[Exercise prompt]: Print the whole listing again exactly as it stands, leaving out any images.

[Source data]:
┌──

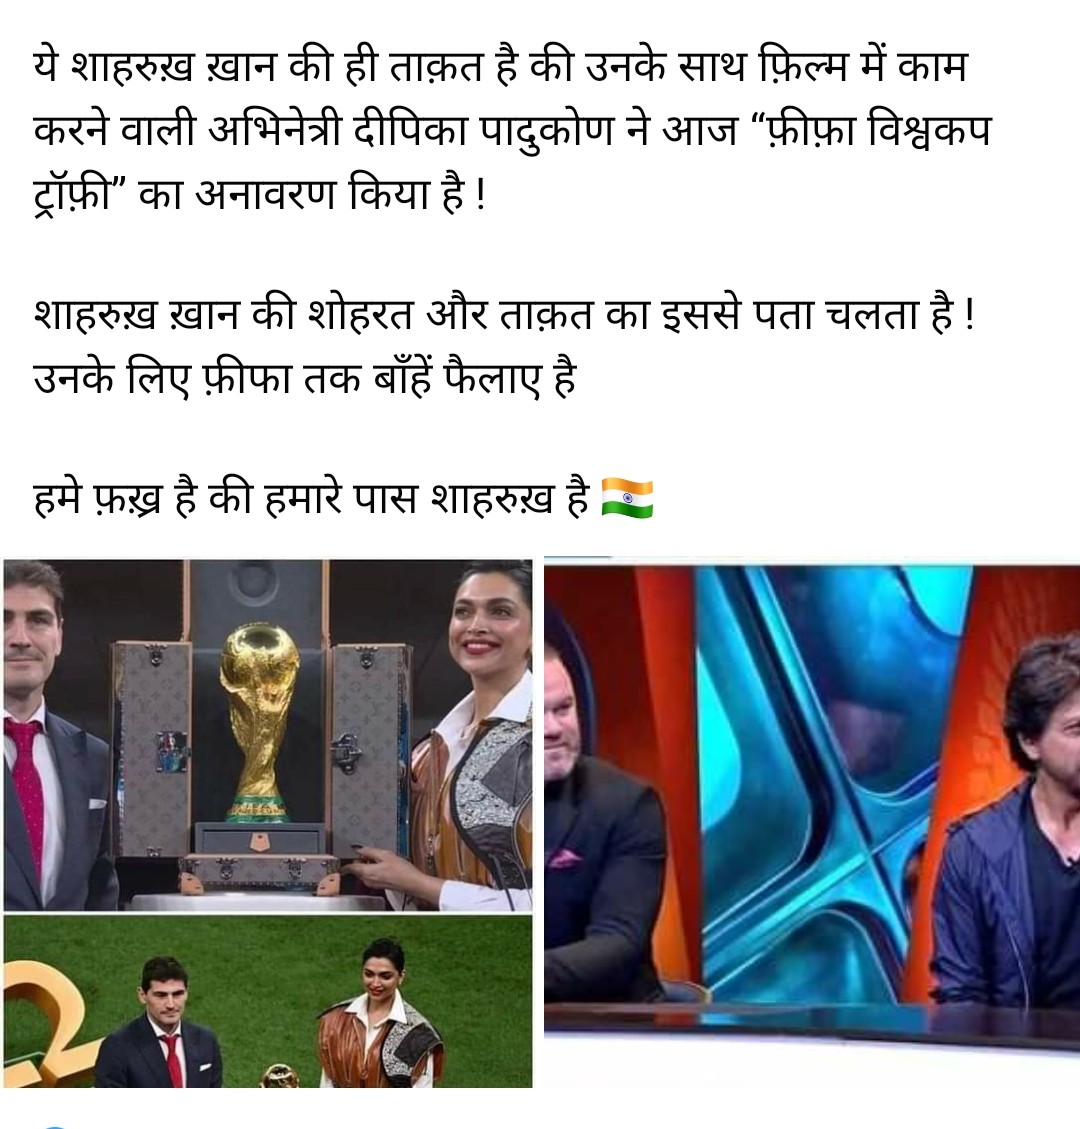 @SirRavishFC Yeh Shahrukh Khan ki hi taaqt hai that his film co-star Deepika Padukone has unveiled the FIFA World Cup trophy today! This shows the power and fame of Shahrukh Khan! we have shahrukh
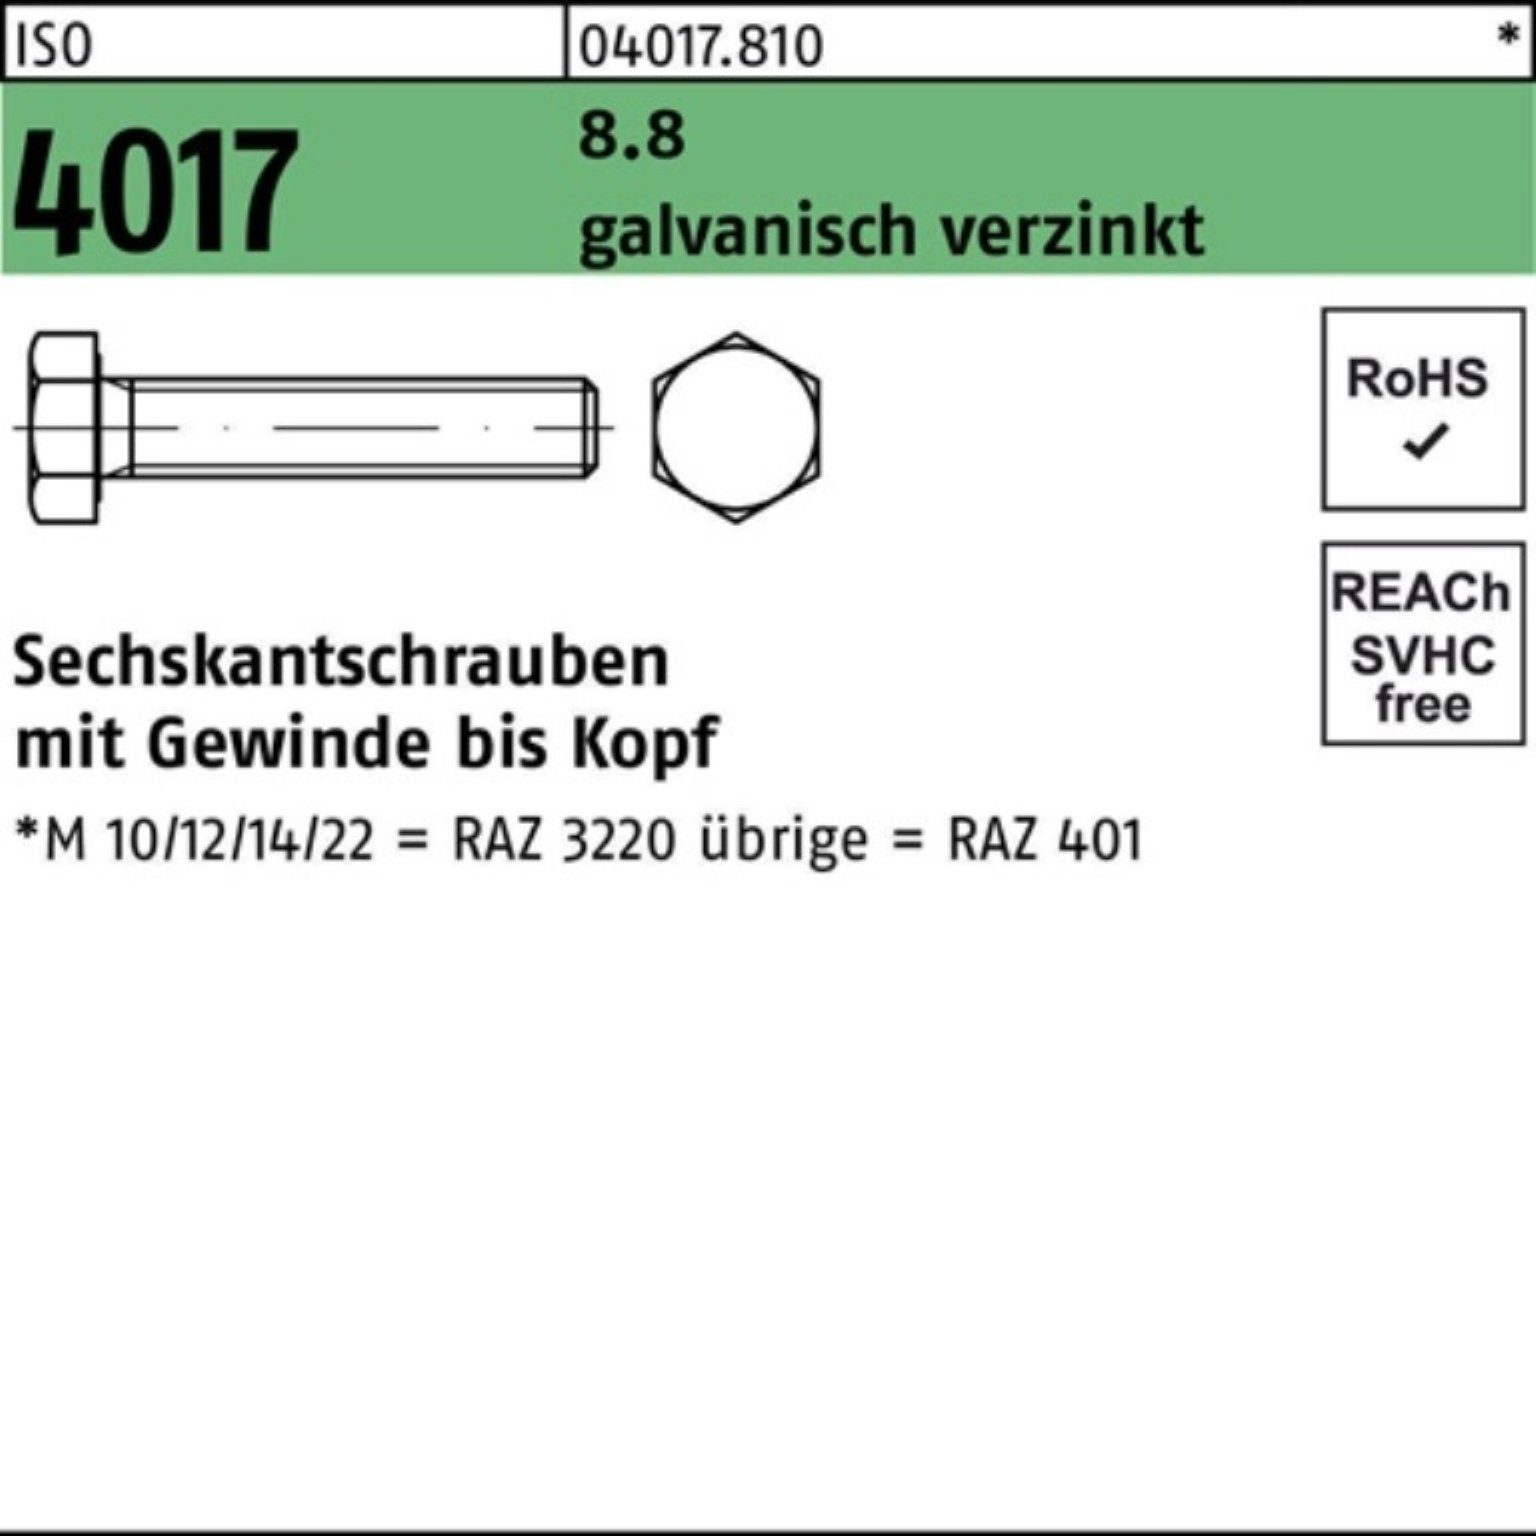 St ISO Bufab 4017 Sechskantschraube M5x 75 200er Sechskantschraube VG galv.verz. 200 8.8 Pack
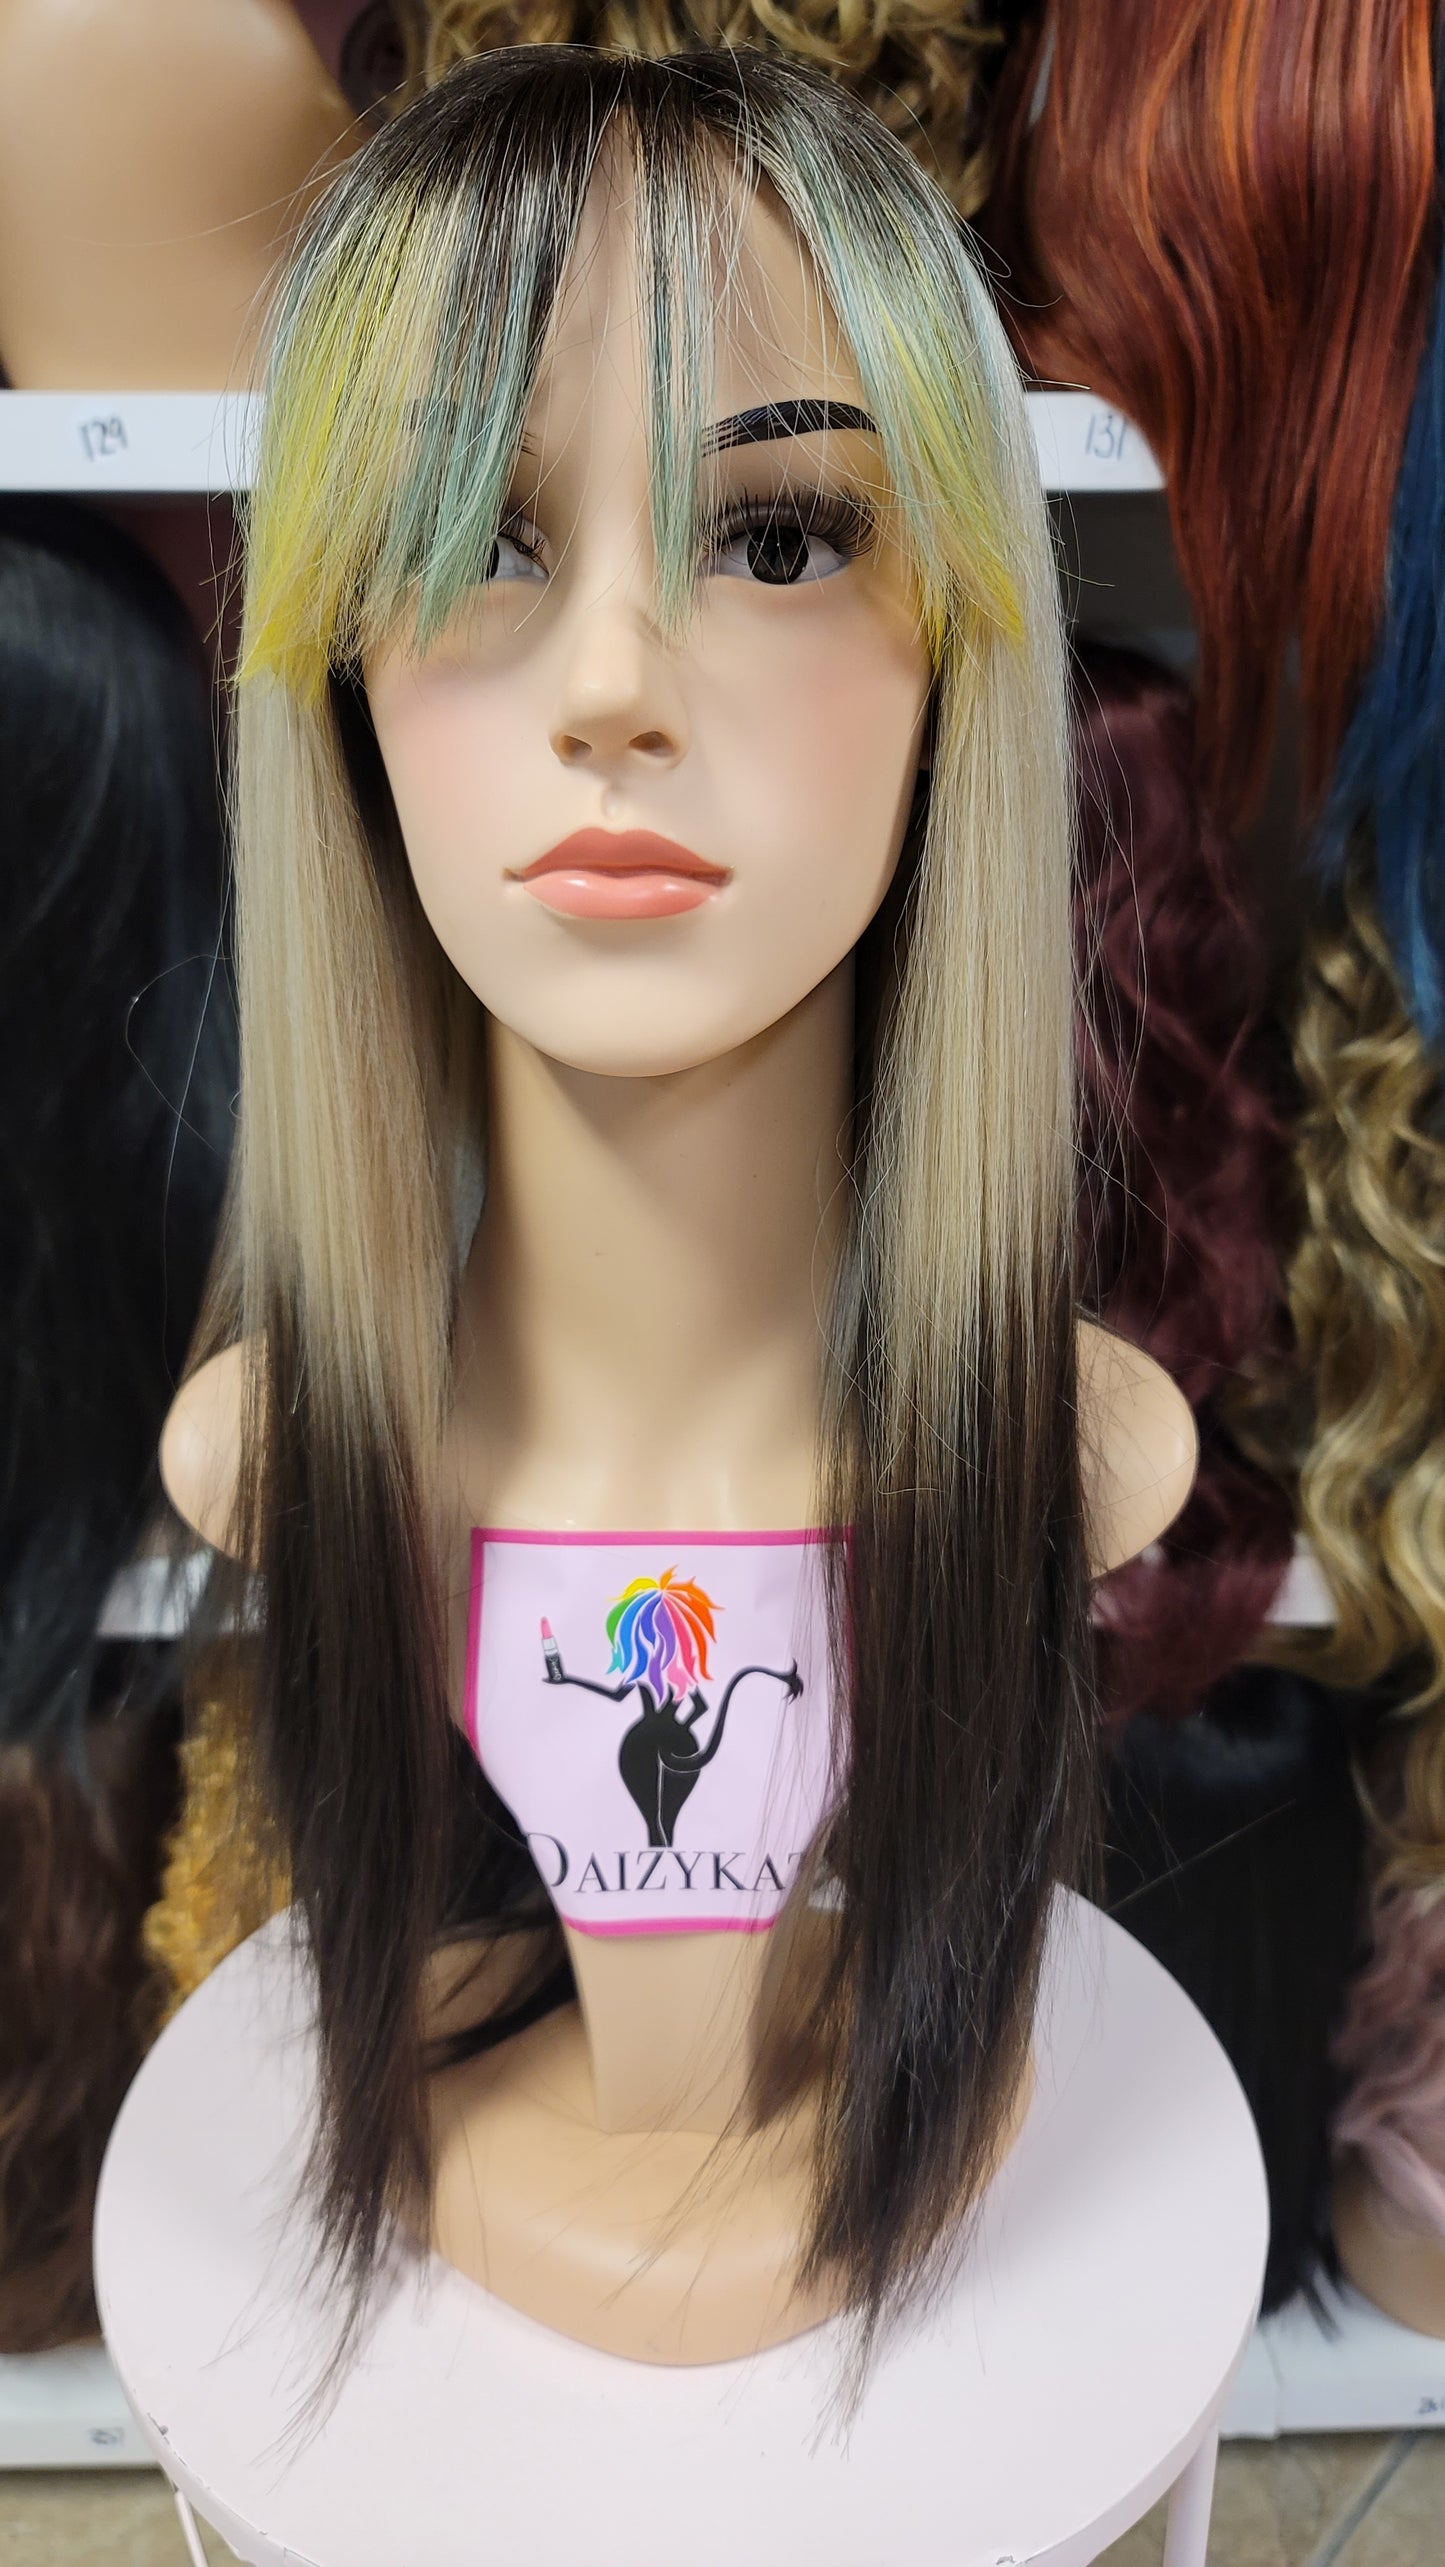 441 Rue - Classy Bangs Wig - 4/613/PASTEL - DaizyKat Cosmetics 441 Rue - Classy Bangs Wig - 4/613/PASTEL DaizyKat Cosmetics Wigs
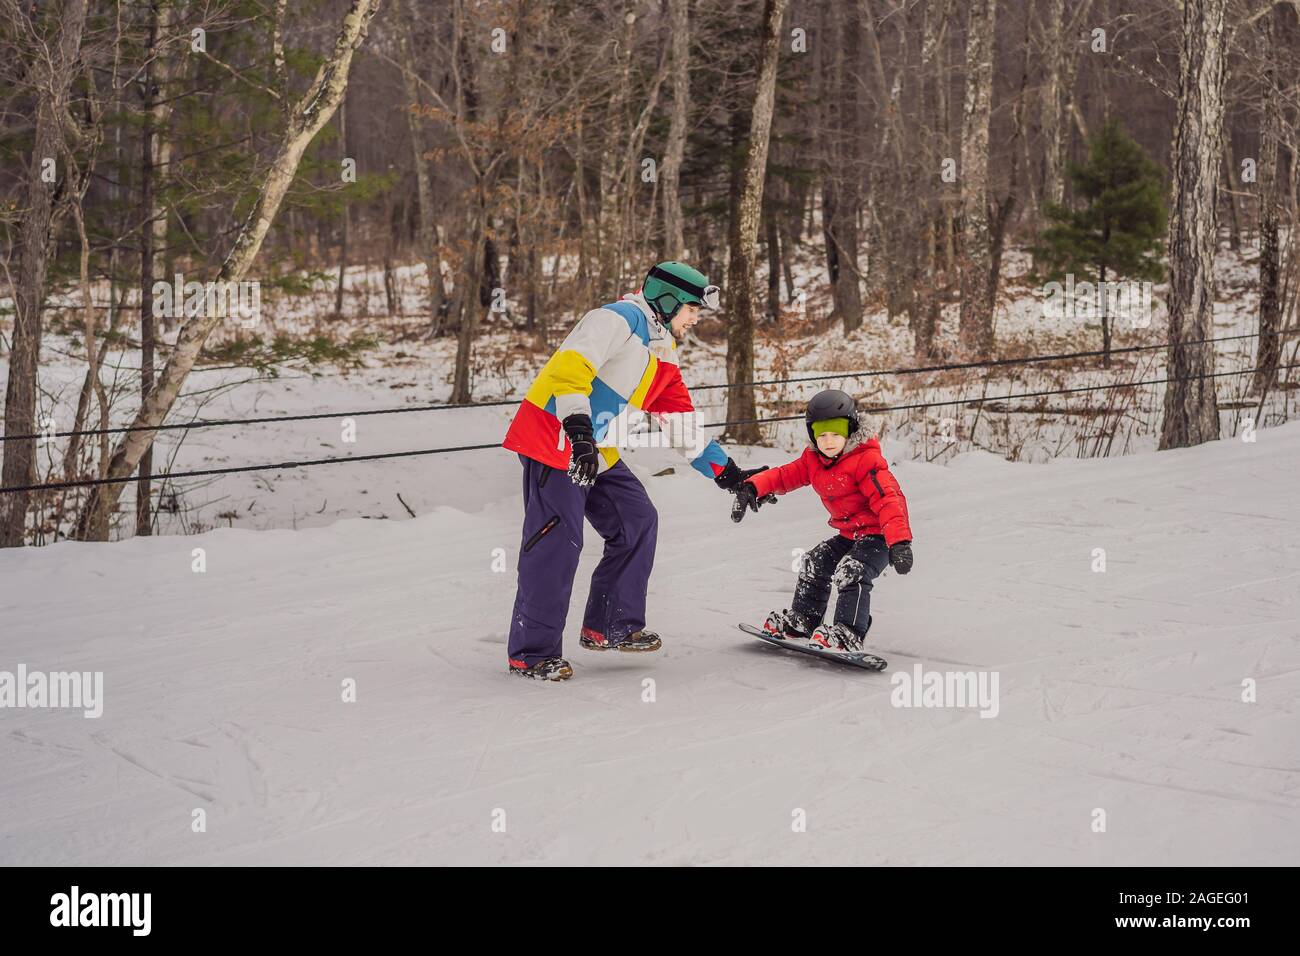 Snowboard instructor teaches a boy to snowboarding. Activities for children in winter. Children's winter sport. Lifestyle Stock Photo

└──

[Result]:
 @SirRavishFC Yeh Shahrukh Khan ki hi taaqt hai that his film co-star Deepika Padukone has unveiled the FIFA World Cup trophy today! This shows the power and fame of Shahrukh Khan! we have shahrukh
 St ISO Bufab 4017 Sechskantschraube M5x 75 200er Sechskantschraube VG galv.verz. 200 8.8 Pack
 441 Rue - Classy Bangs Wig - 4/613/PASTEL - DaizyKat Cosmetics 441 Rue - Classy Bangs Wig - 4/613/PASTEL DaizyKat Cosmetics Wigs
 Snowboard instructor teaches a boy to snowboarding. Activities for children in winter. Children's winter sport. Lifestyle Stock Photo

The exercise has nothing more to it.